[Opening Dataset excerpt section]
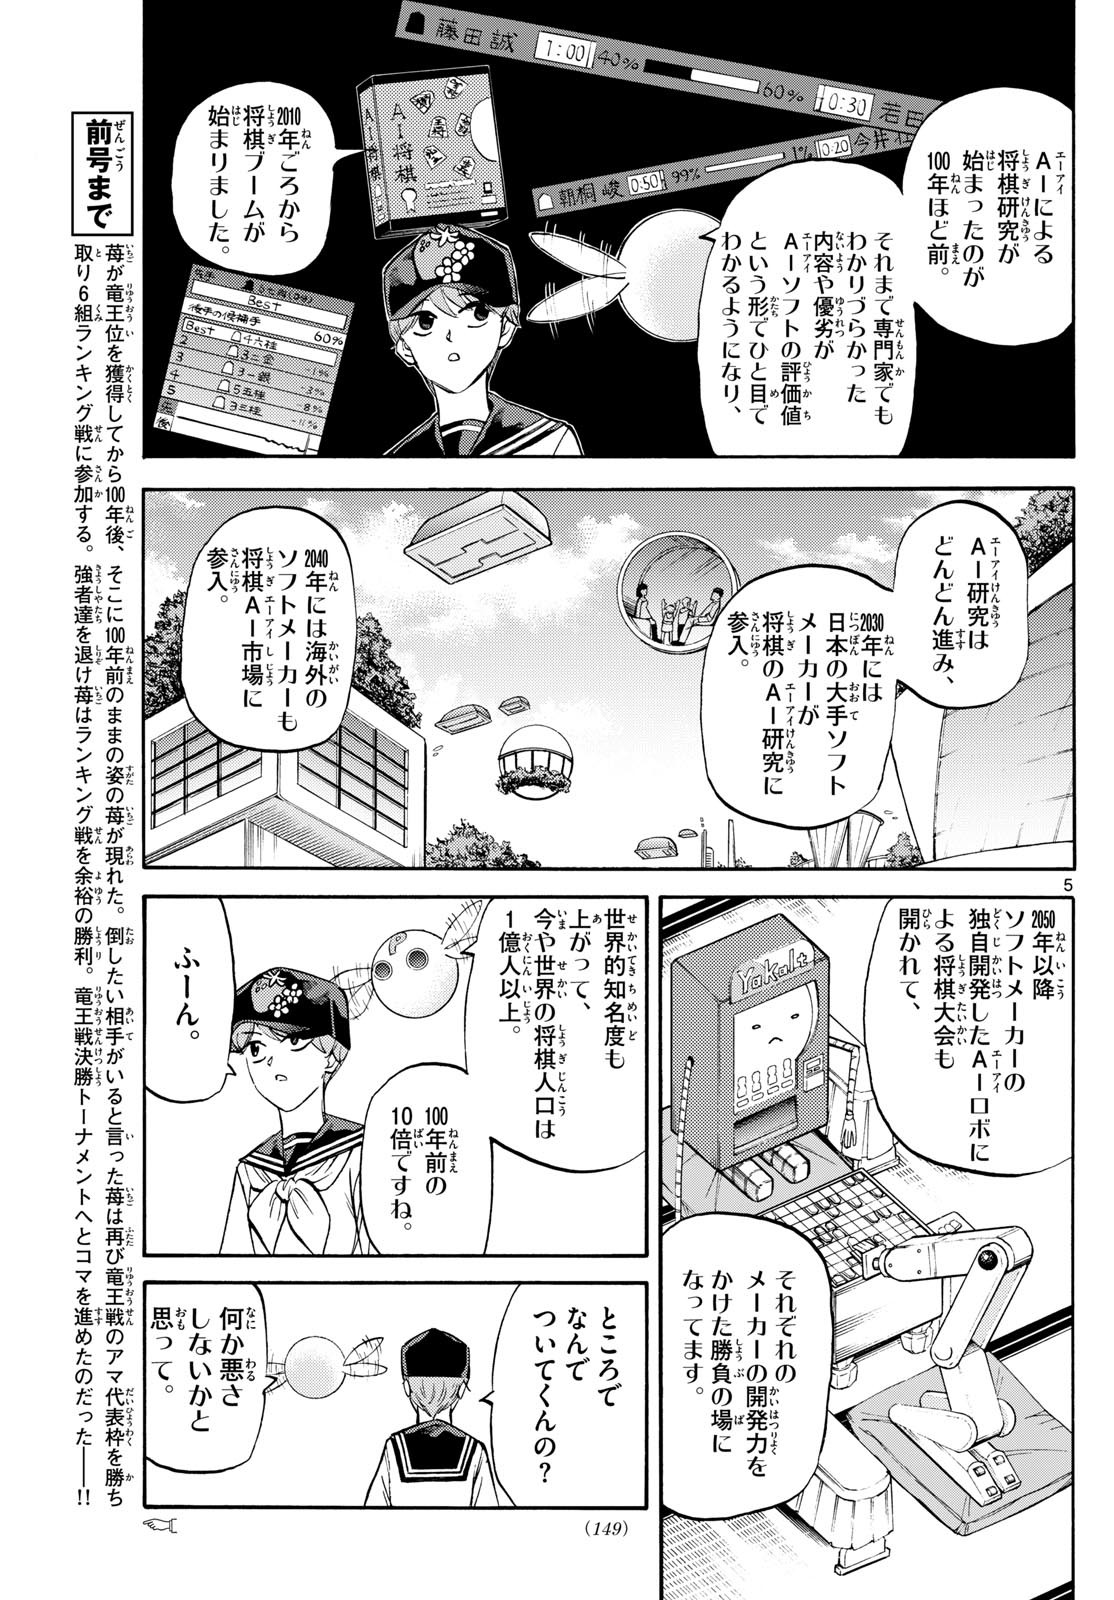 Ryu-to-Ichigo - Chapter 195 - Page 5
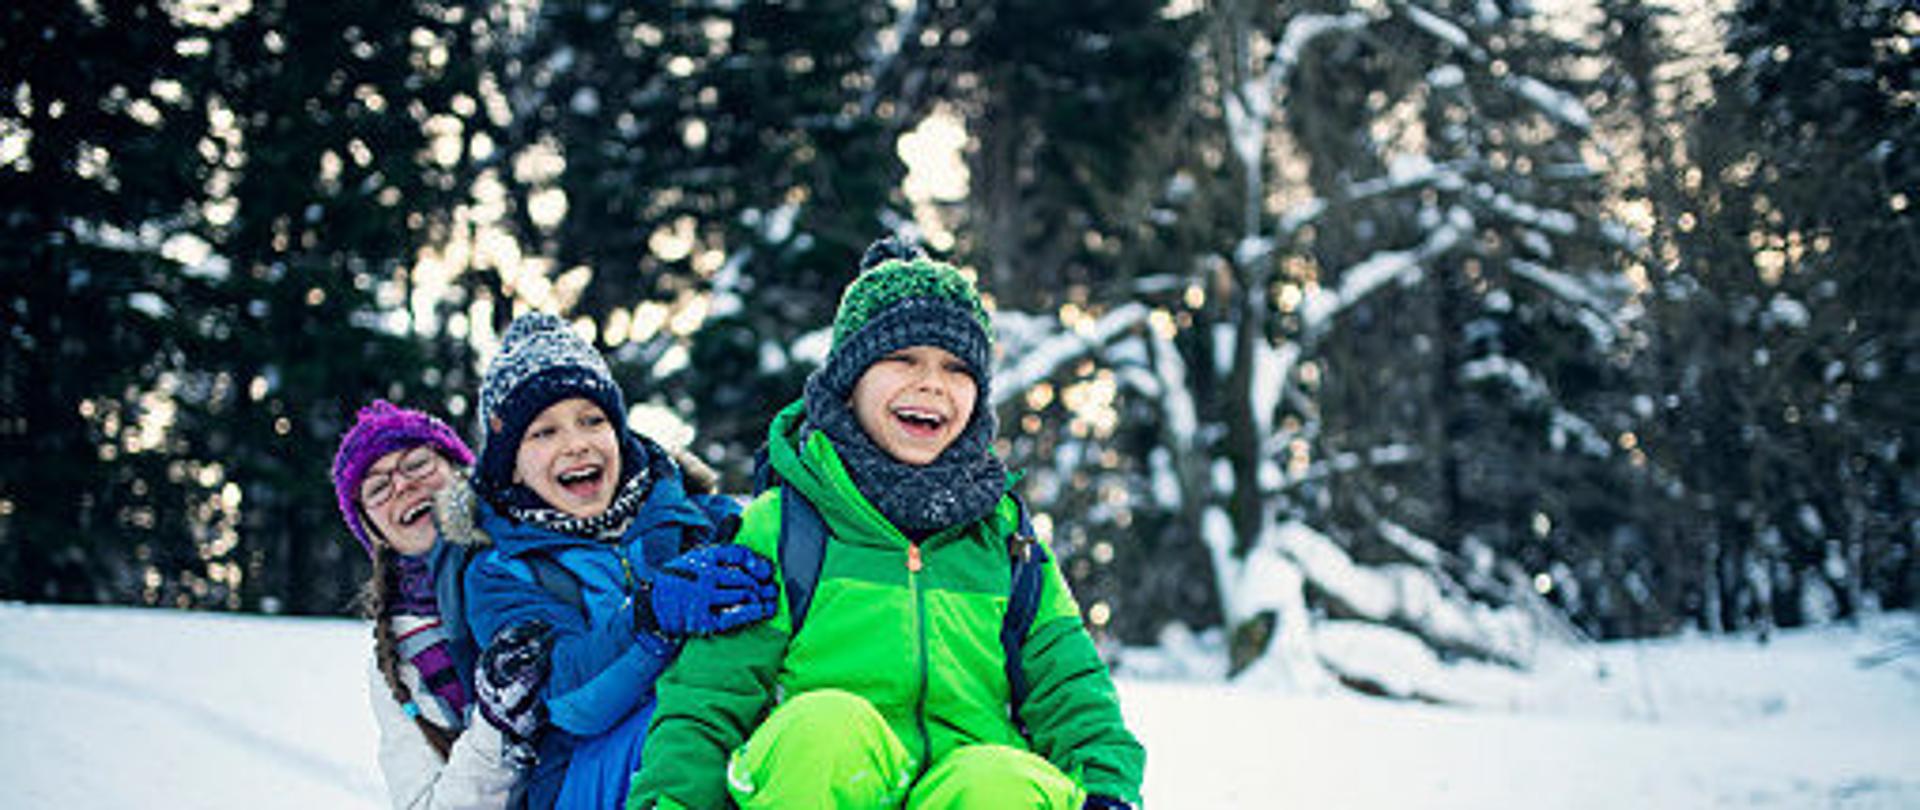 Troje dzieci na sankach w śnieżnym zimowym lesie.
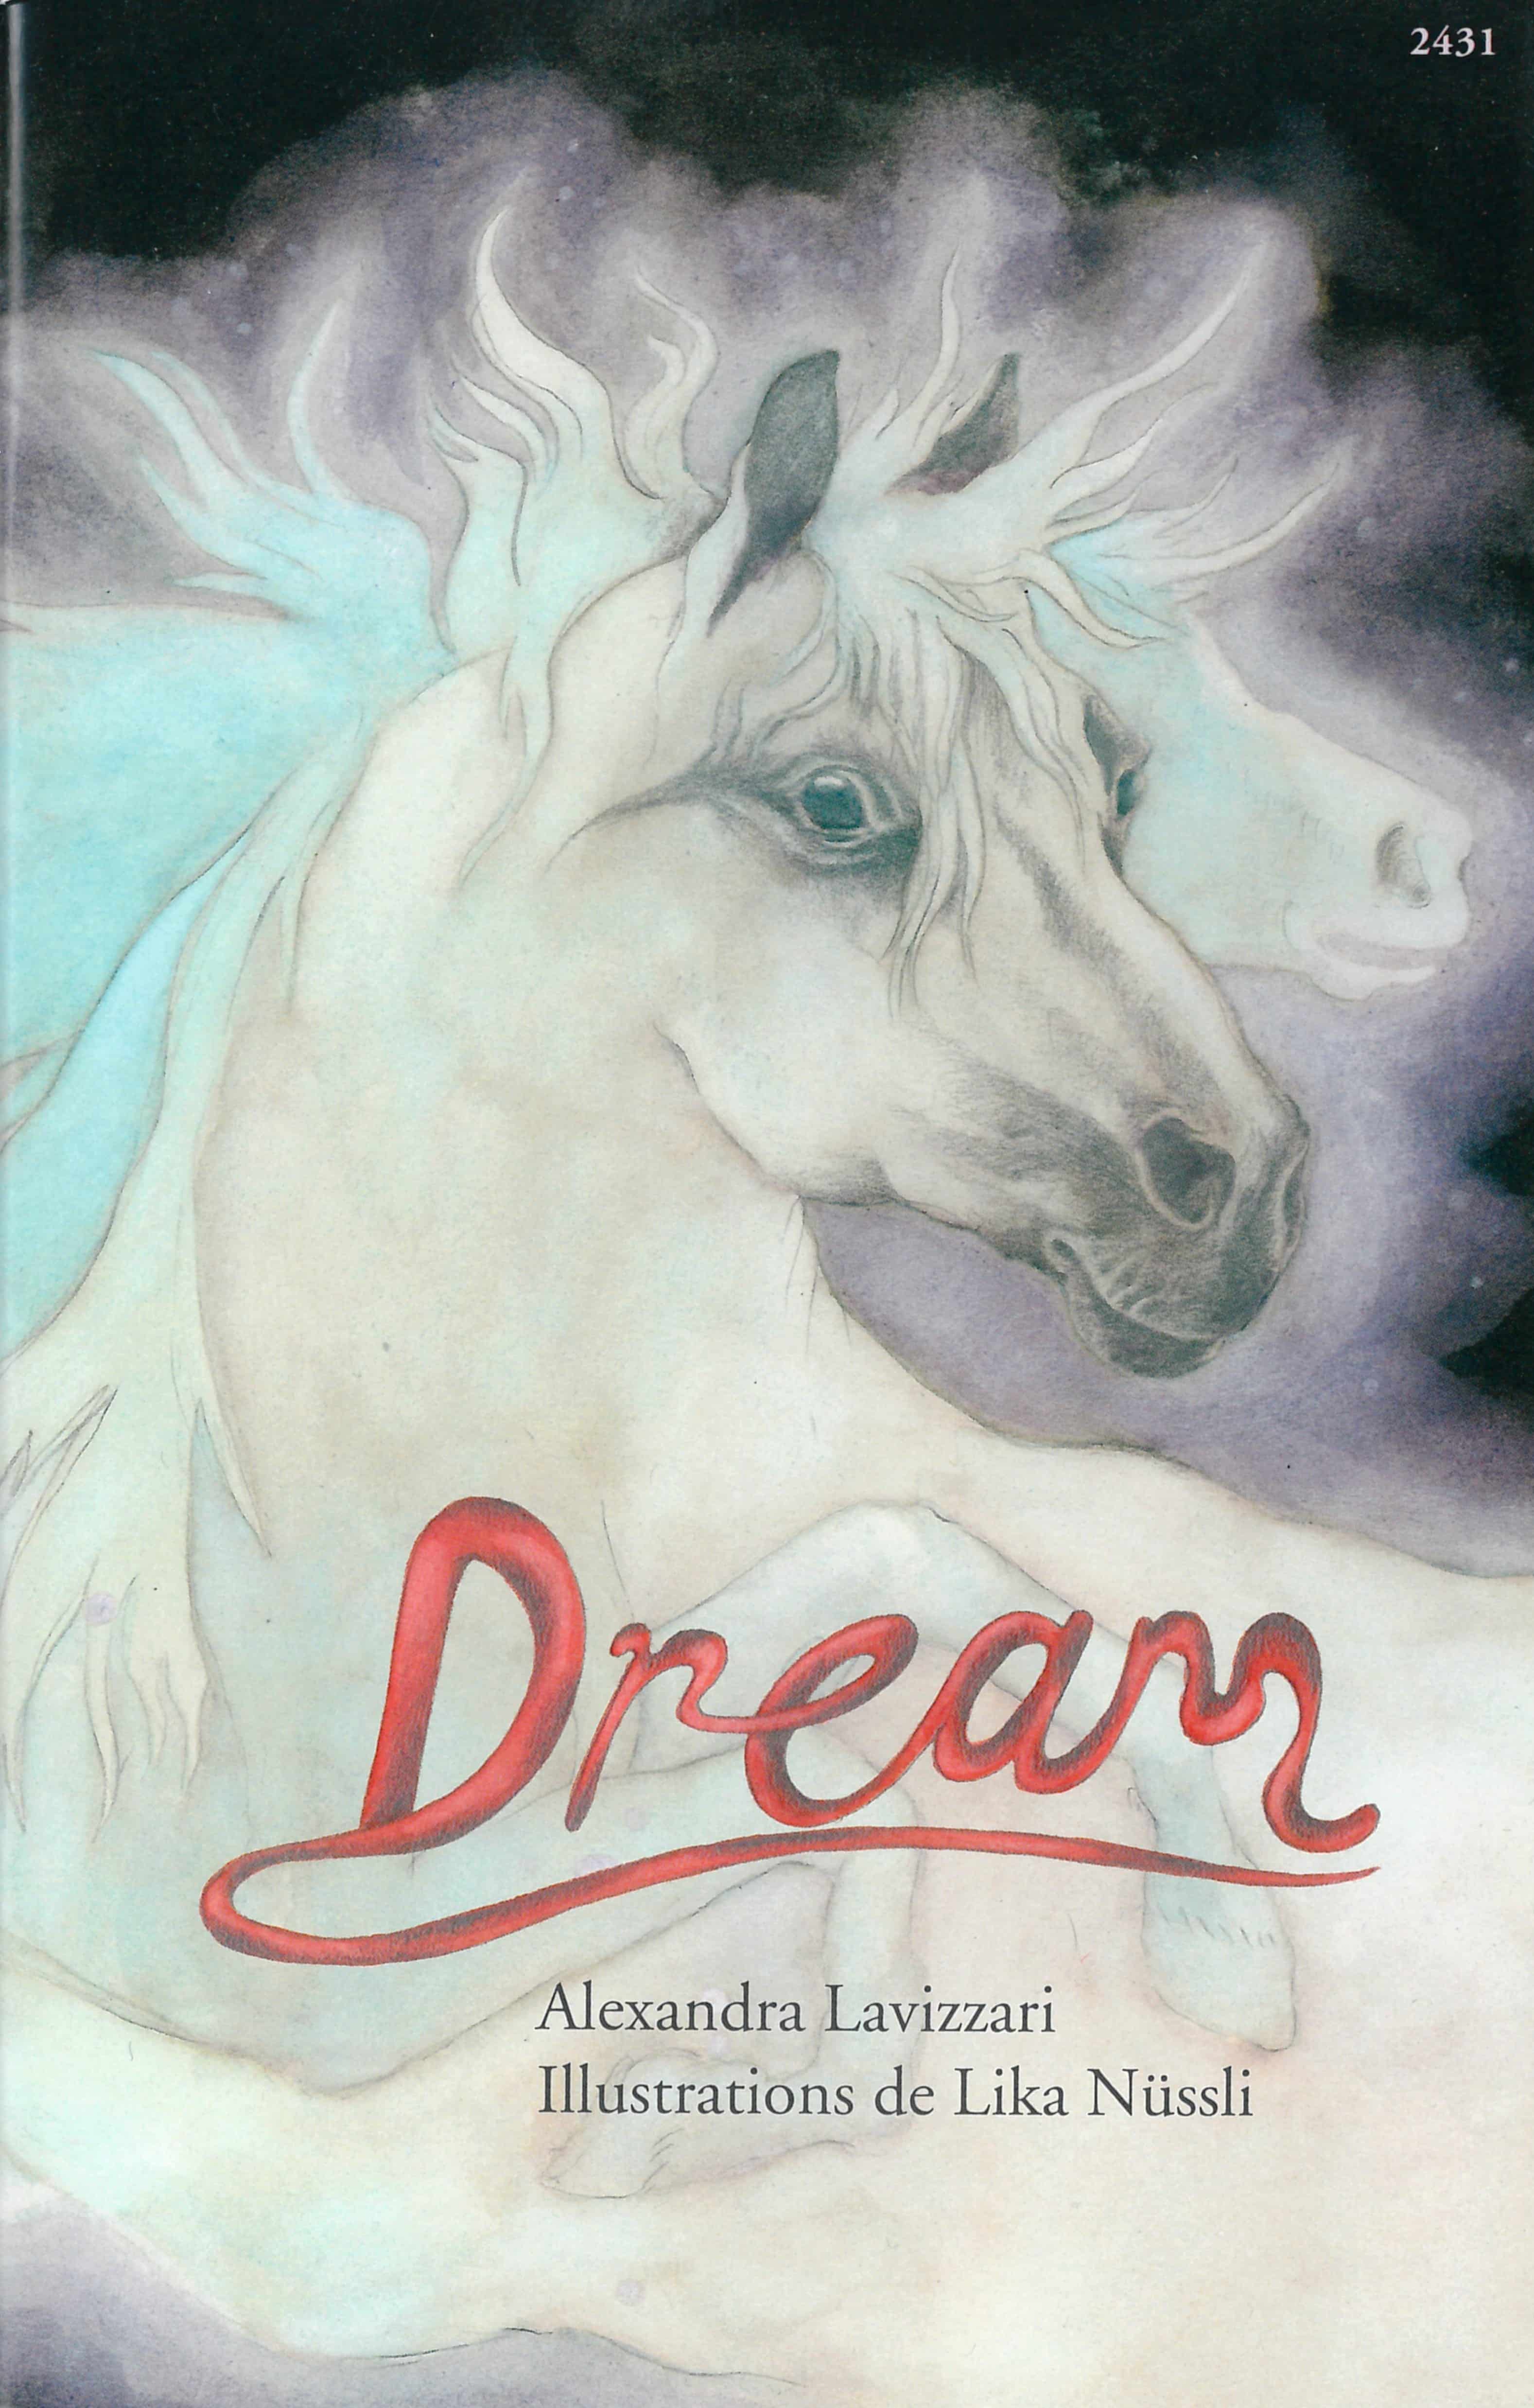 Dream, un livre pour enfants d’Alexandra Lavizzari, illustré par Lika Nuessli, éditions de l'OSL, cheval, fantastique
[Closing Dataset excerpt section]
■ **Exercise requirements**
In the copy you write, the data above must appear exactly, with no pictures.

■ **Response area**
 Ryu-to-Ichigo - Chapter 195 - Page 5
 Troje dzieci na sankach w śnieżnym zimowym lesie.
 Dream, un livre pour enfants d’Alexandra Lavizzari, illustré par Lika Nuessli, éditions de l'OSL, cheval, fantastique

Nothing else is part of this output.